I found statues of Seneca, Avveroès and Maimonides but Hosius’ is in Alexandria.

A huge and beautiful mosque still stands there today. It is called the Mezquita, the Great Mosque.  Córdova was reconquered by the Catholics in 1236. A cathedral was built inside it by Charles V in the 16th C. Many Catholic dignitaries and royalty chose to be buried in the Mezquita. It is now a truly unique World Heritage site.

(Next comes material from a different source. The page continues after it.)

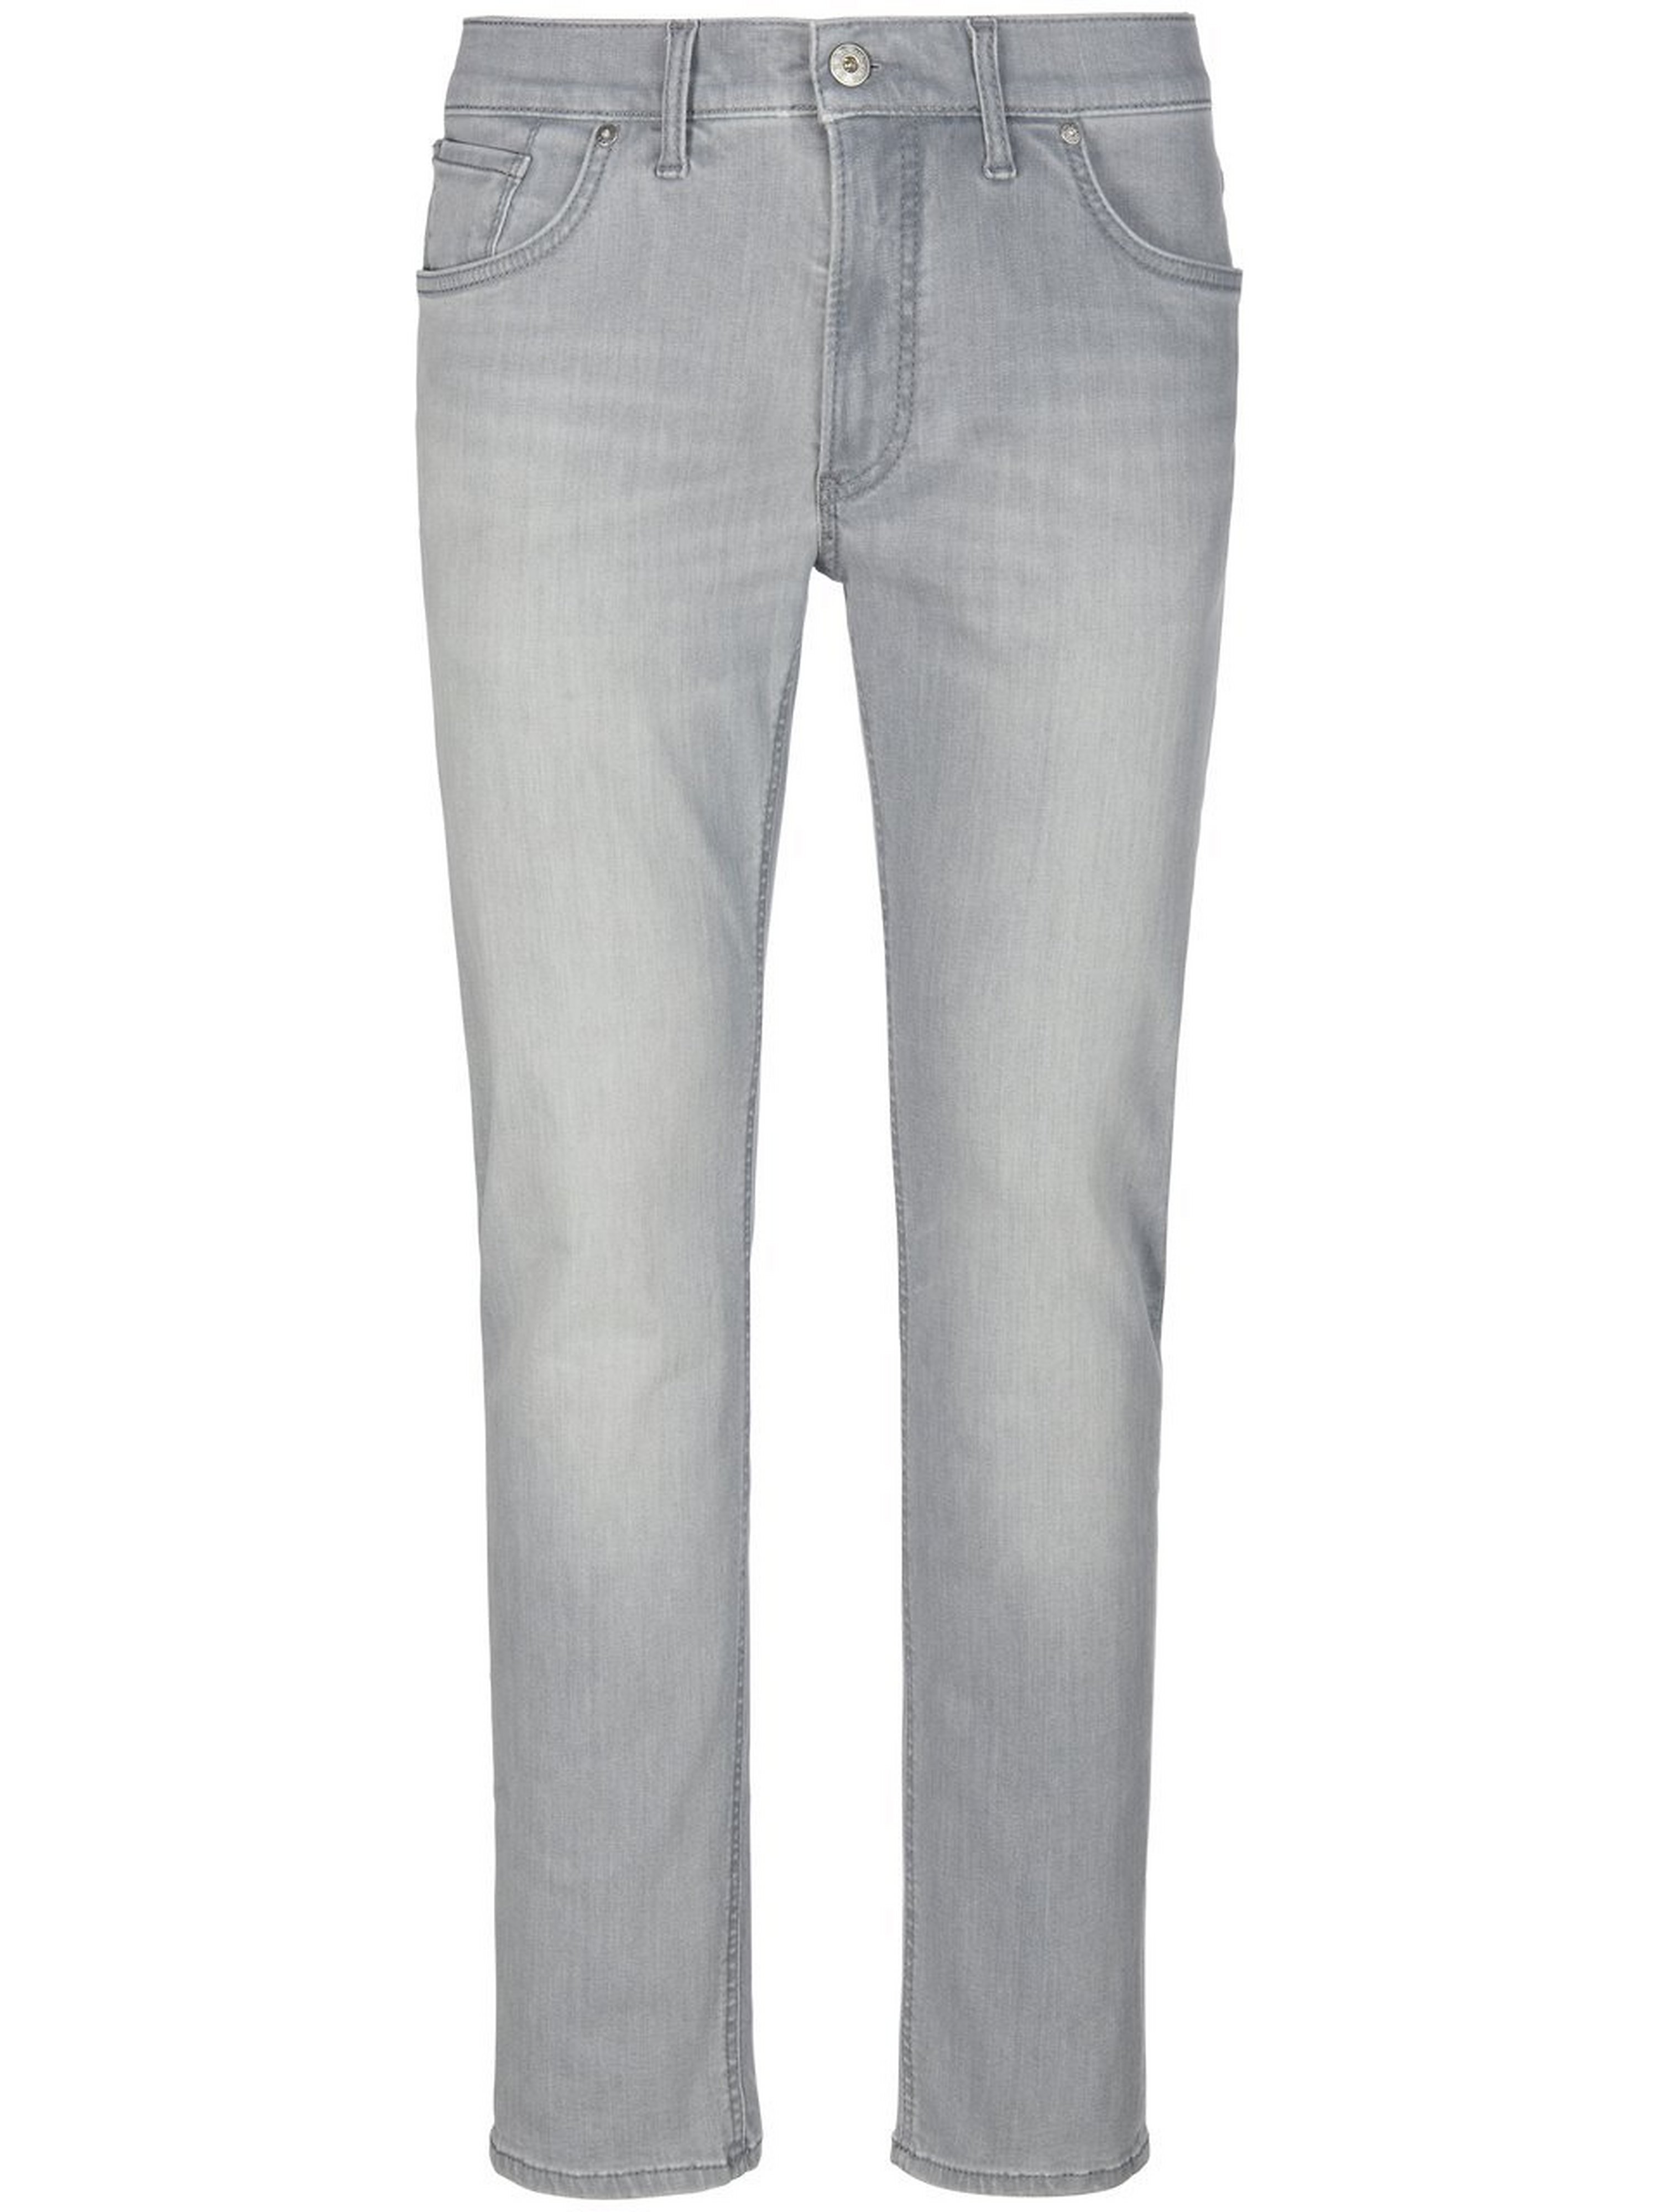 'Modern Fit'-jeans model Chuck Van Brax Feel Good grijs

Another World Heritage site only a short bus ride from Córdova is Madinat al-Zahara, the royal city built outside Córdova by Abd ar-Rahman III in the 10th C. to increase his prestige against rival caliphates. It was a place of great beauty. Art was fully appreciated;  even art that contained representations of the animal form, anathema to the stricter sects of Islam. It was sacked ca. 1010 by North African soldiers during a civil war. The site is being busily excavated and rebuilt, largely through funding from the Aga Khan. A large, modern museum has been built to house treasures from the excavations and there is a wonderful computer-generated film that describes what courtly life was like there in the 10th C..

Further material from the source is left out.